__GIVEN MATERIAL__.
*** Begin section ***
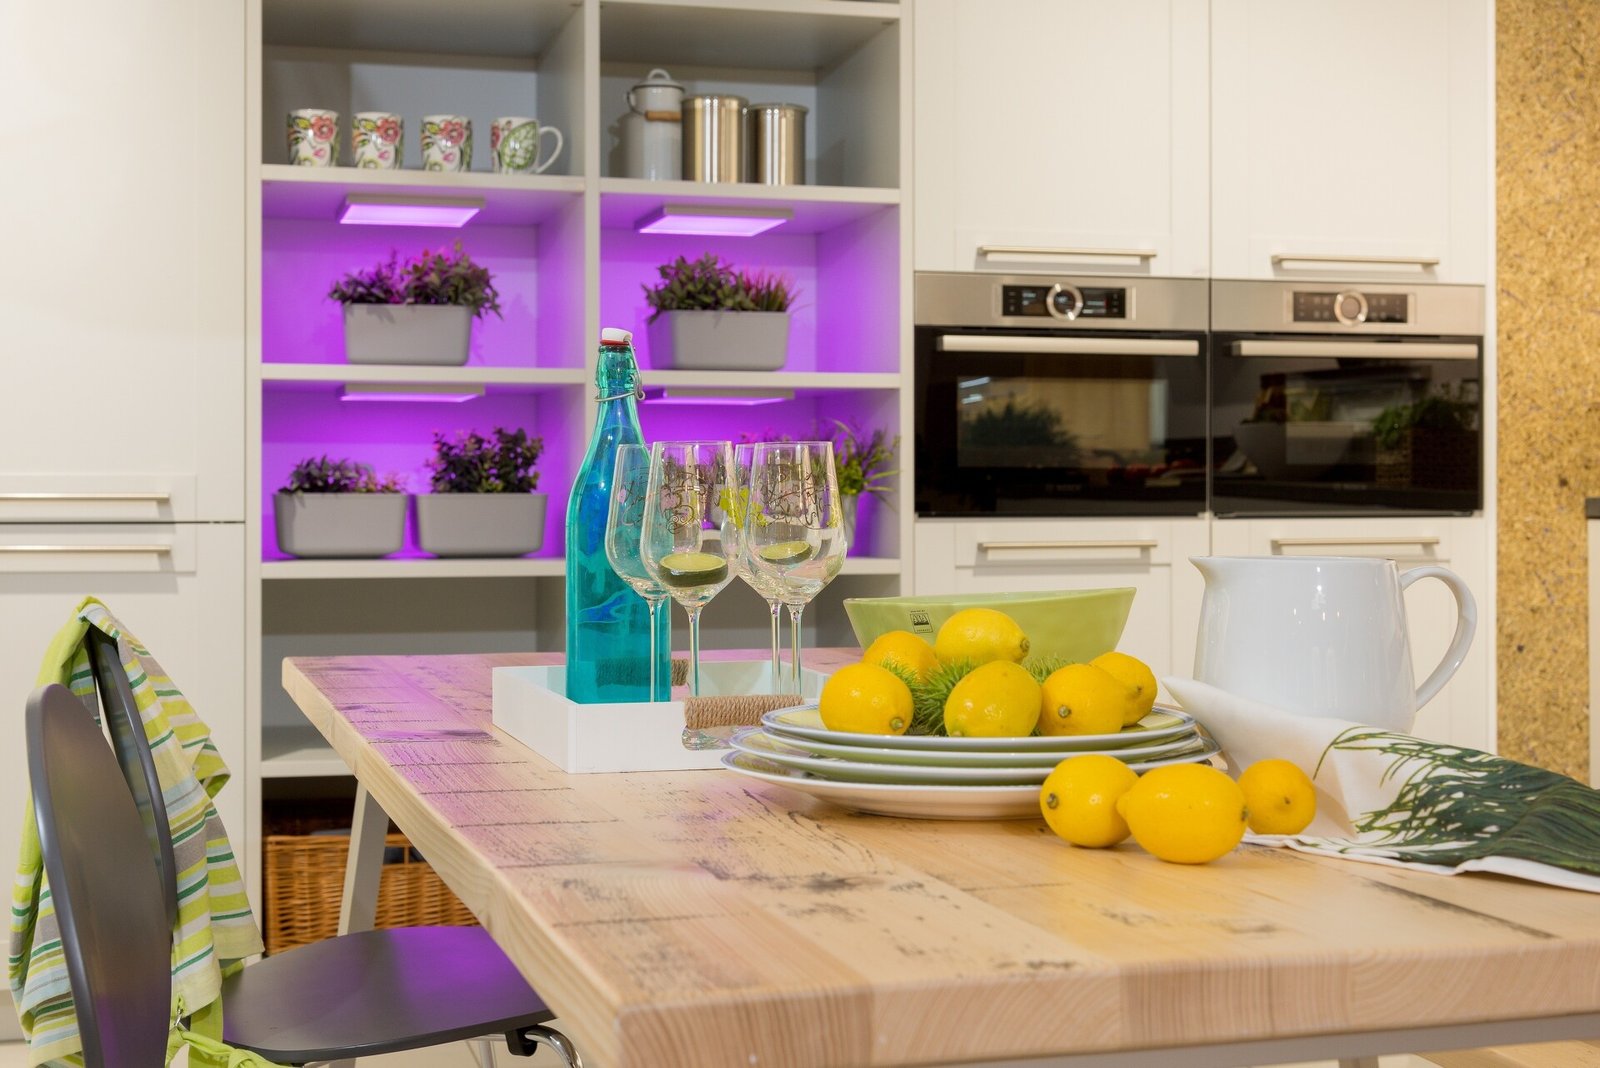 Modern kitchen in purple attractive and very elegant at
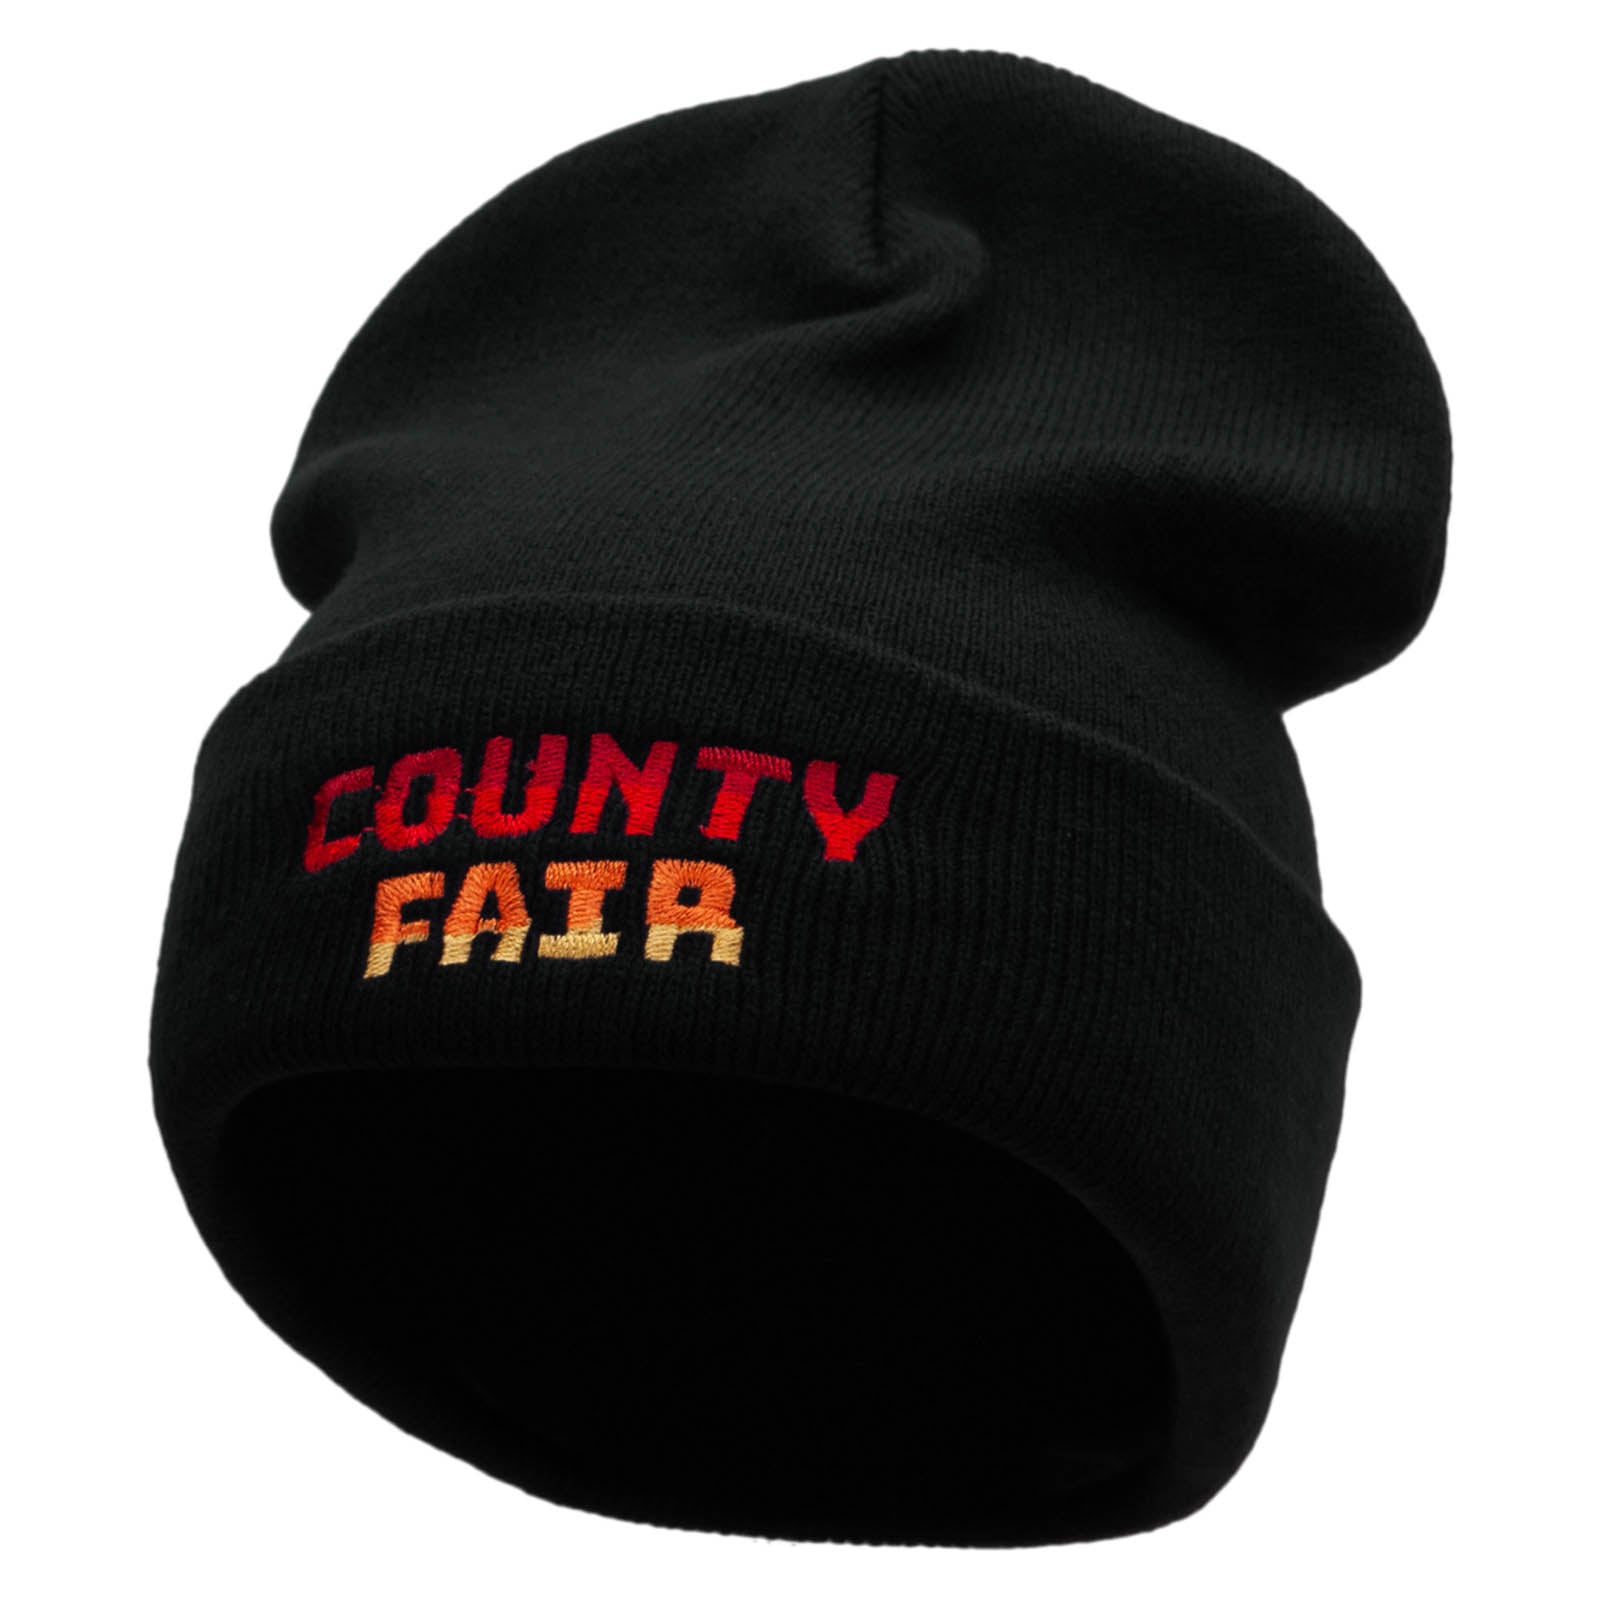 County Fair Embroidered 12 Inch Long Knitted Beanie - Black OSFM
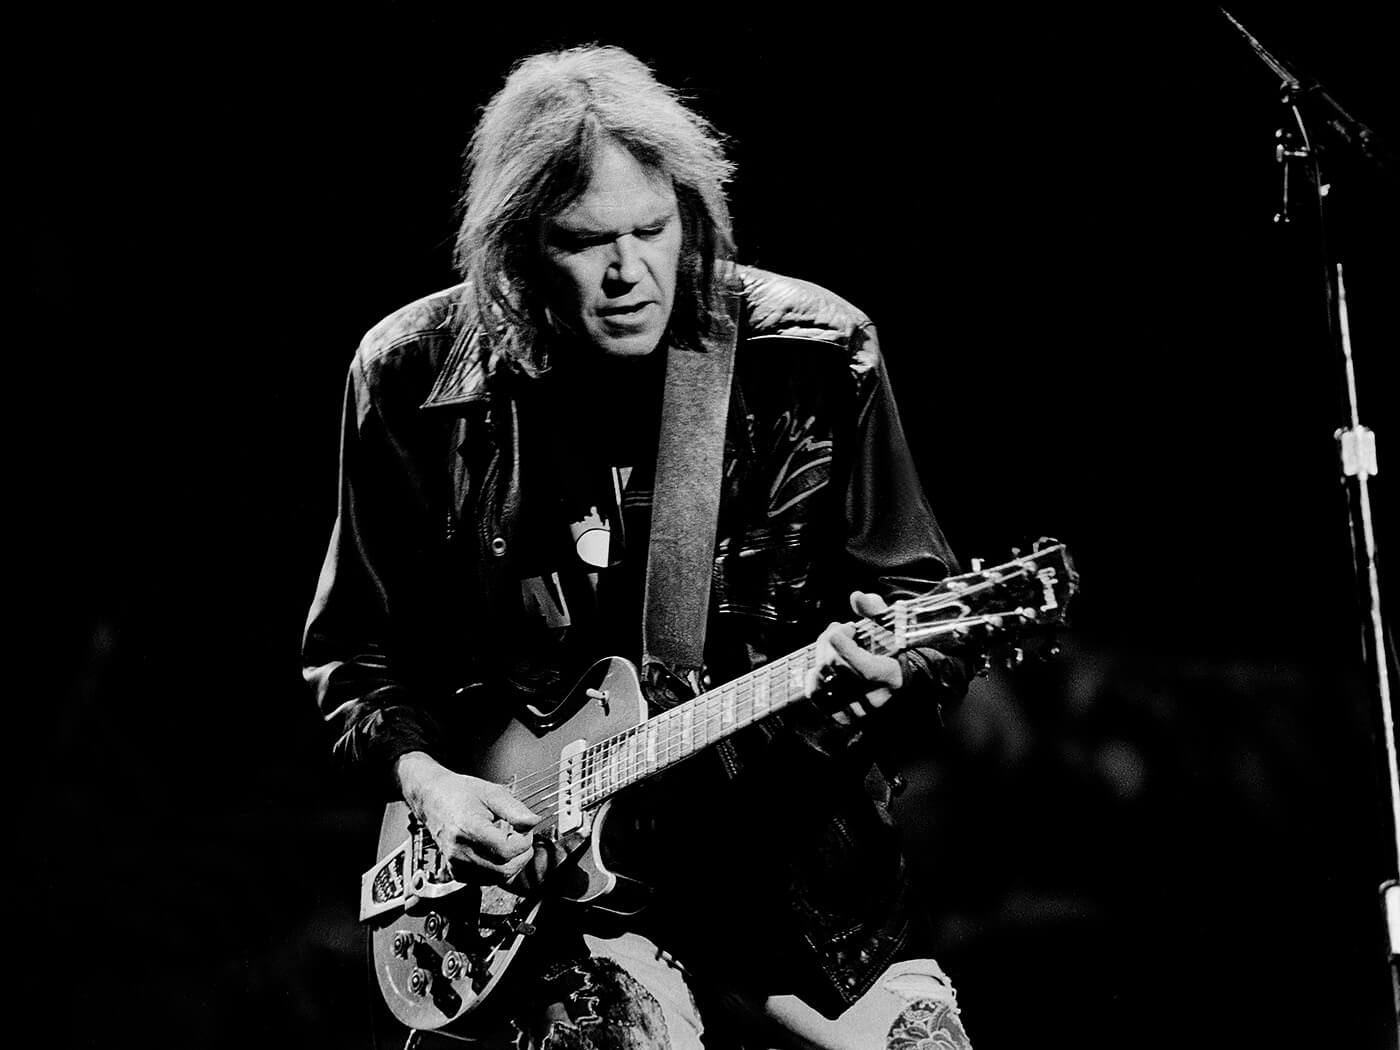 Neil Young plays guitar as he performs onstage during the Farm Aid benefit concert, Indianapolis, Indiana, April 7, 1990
*** End section ***
__TRY IT__. In full and without change, repeat the material above, minus the pictures.

__RESPONSE__.
 Modern kitchen in purple attractive and very elegant at
 County Fair Embroidered 12 Inch Long Knitted Beanie - Black OSFM
 Neil Young plays guitar as he performs onstage during the Farm Aid benefit concert, Indianapolis, Indiana, April 7, 1990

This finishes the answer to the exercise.